See the License for the specific language governing permissions and
limitations under the License. See accompanying LICENSE file.
-->
<!-- Put site-specific property overrides in this file. -->
<configuration>
<property>
<name>fs.defaultFS</name>
<value>hdfs://mj2:9000</value>
</property>
</configuration>
其中的hdfs://mj2:9000为服务器上的hdfs的位置(在服务器的hadoop的core-site.xml中的配置项)
5、添加hadoop-2.7.2依赖包
给jar包文件夹取名为hadoop-library,最后点apply即可。
我的项目中可能由于网络问题,maven依赖的包总是下载不下来,所以我把需要的包都下载或者从服务器拷贝过来放在了lib文件夹中。具体如下:
6、还需要的就是在hadoop的解压目录下的bin目录下,需要的两个文件原来没有,一个是winutils.exe,另一个是hadoop.dll文件。所以需要上网下载winutils.exe和hadoop.dll文件。为了防止冲突,可以把下载的hadoop.dll文件放在C:\Windows\System32中。
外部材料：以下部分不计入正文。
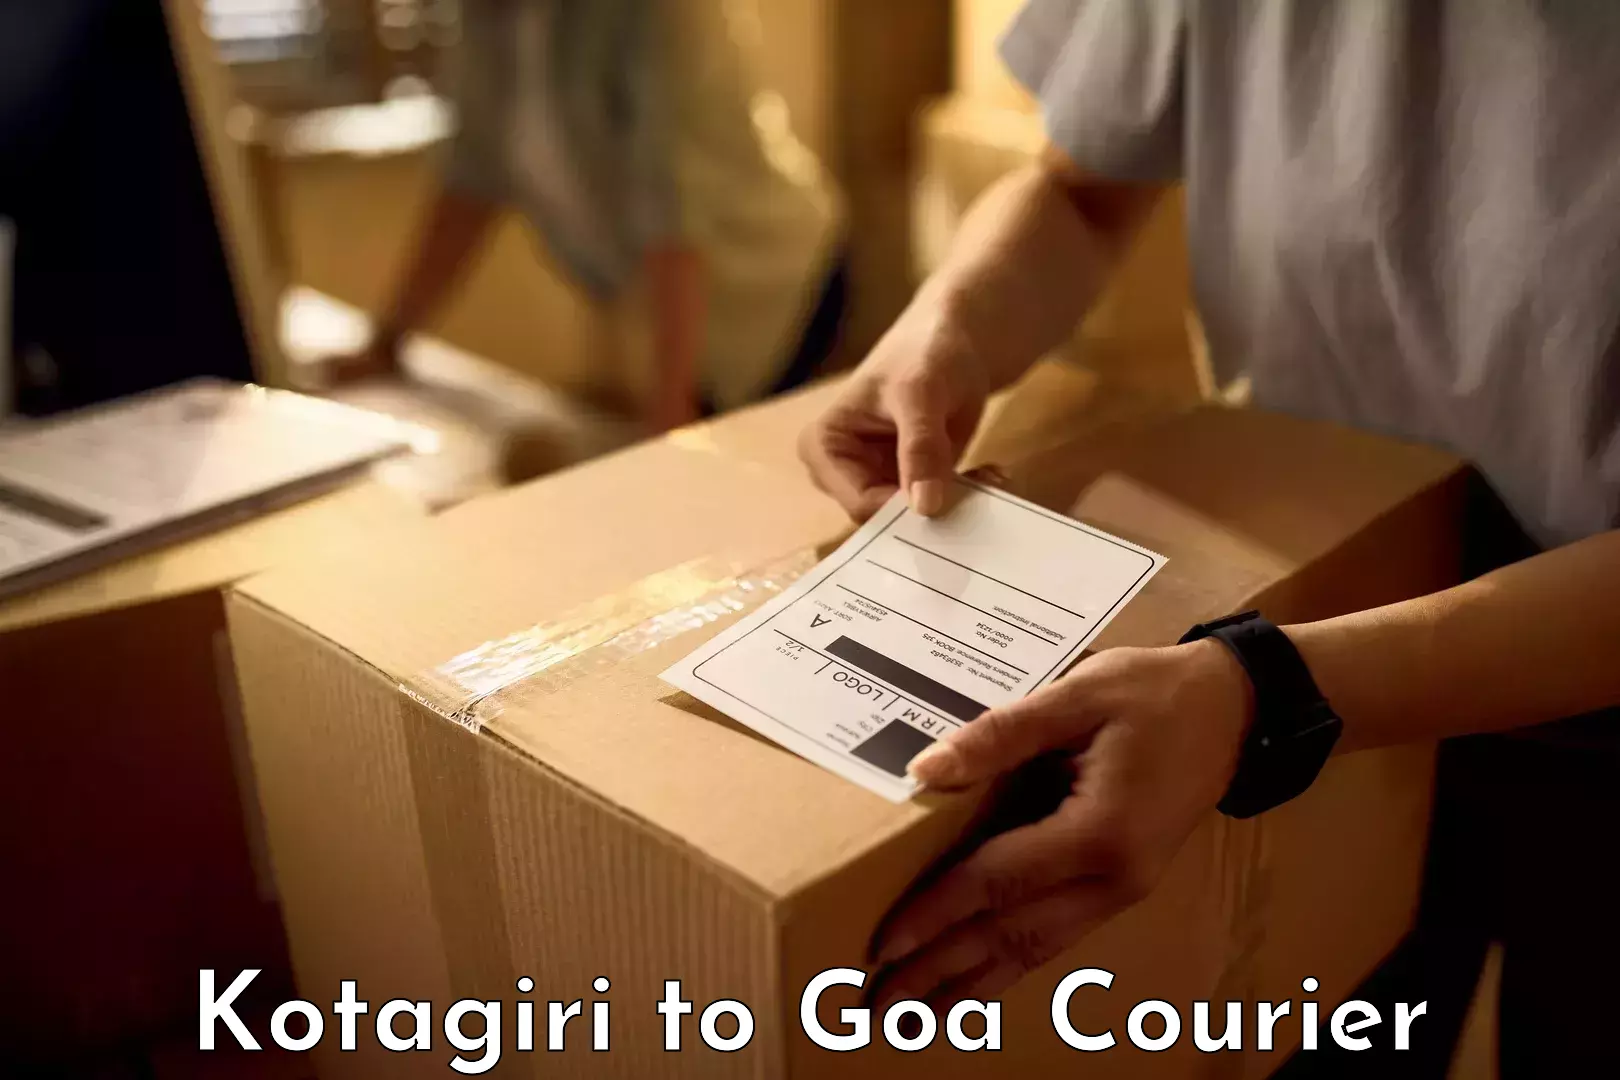 Same day luggage service Kotagiri to IIT Goa

(我在网上没有找到hadoop版本-2.7.2的hadoop.dll,所以用的2.7.2版本的同样可以)
7、WordCount的代码:
package wordCounts;
import java.io.IOException;
import java.util.StringTokenizer;
import org.apache.hadoop.conf.Configuration;
import org.apache.hadoop.fs.Path;
import org.apache.hadoop.io.IntWritable;
import org.apache.hadoop.io.Text;
import org.apache.hadoop.mapreduce.Job;
import org.apache.hadoop.mapreduce.Mapper;
import org.apache.hadoop.mapreduce.Reducer;
import org.apache.hadoop.mapreduce.lib.input.FileInputFormat;
import org.apache.hadoop.mapreduce.lib.output.FileOutputFormat;
import org.apache.hadoop.util.GenericOptionsParser;
public class WordCount {
public static class TokenizerMapper
extends Mapper<Object, Text, Text, IntWritable>{
private final static IntWritable one = new IntWritable(1);
private Text word = new Text();
public void map(Object key, Text value, Context context
) throws IOException, InterruptedException {
StringTokenizer itr = new StringTokenizer(value.toString());
while (itr.hasMoreTokens()) {
word.set(itr.nextToken());
context.write(word, one);
}
}
}
public static class IntSumReducer
extends Reducer<Text,IntWritable,Text,IntWritable> {
private IntWritable result = new IntWritable();
public void reduce(Text key, Iterable<IntWritable> values,
Context context
) throws IOException, InterruptedException {
int sum = 0;
for (IntWritable val : values) {
sum += val.get();
}
result.set(sum);
context.write(key, result);
}
}
public static void main(String[] args) throws Exception {
System.setProperty("hadoop.home.dir", "E:\\hadoop-2.7.2\\hadoop-2.7.2");
Configuration conf = new Configuration();
String[] otherArgs = new GenericOptionsParser(conf, args).getRemainingArgs();
if (otherArgs.length != 2) {
System.err.println("Usage: wordcount <in> <out>");
System.exit(2);
}
Job job = new Job(conf, "word count");
job.setJarByClass(WordCount.class);
job.setMapperClass(TokenizerMapper.class);
job.setCombinerClass(IntSumReducer.class);
job.setReducerClass(IntSumReducer.class);
job.setOutputKeyClass(Text.class);
job.setOutputValueClass(IntWritable.class);
FileInputFormat.addInputPath(job, new Path(otherArgs[0]));
FileOutputFormat.setOutputPath(job, new Path(otherArgs[1]));
System.exit(job.waitForCompletion(true) ? 0 : 1);
}
}
8、配置WordCount运行参数
Run-》Edit Configurations...
其中,Program arguments:为传入的hdfs中的文件,以及reduce之后的结果文件目录(中间用空格隔开)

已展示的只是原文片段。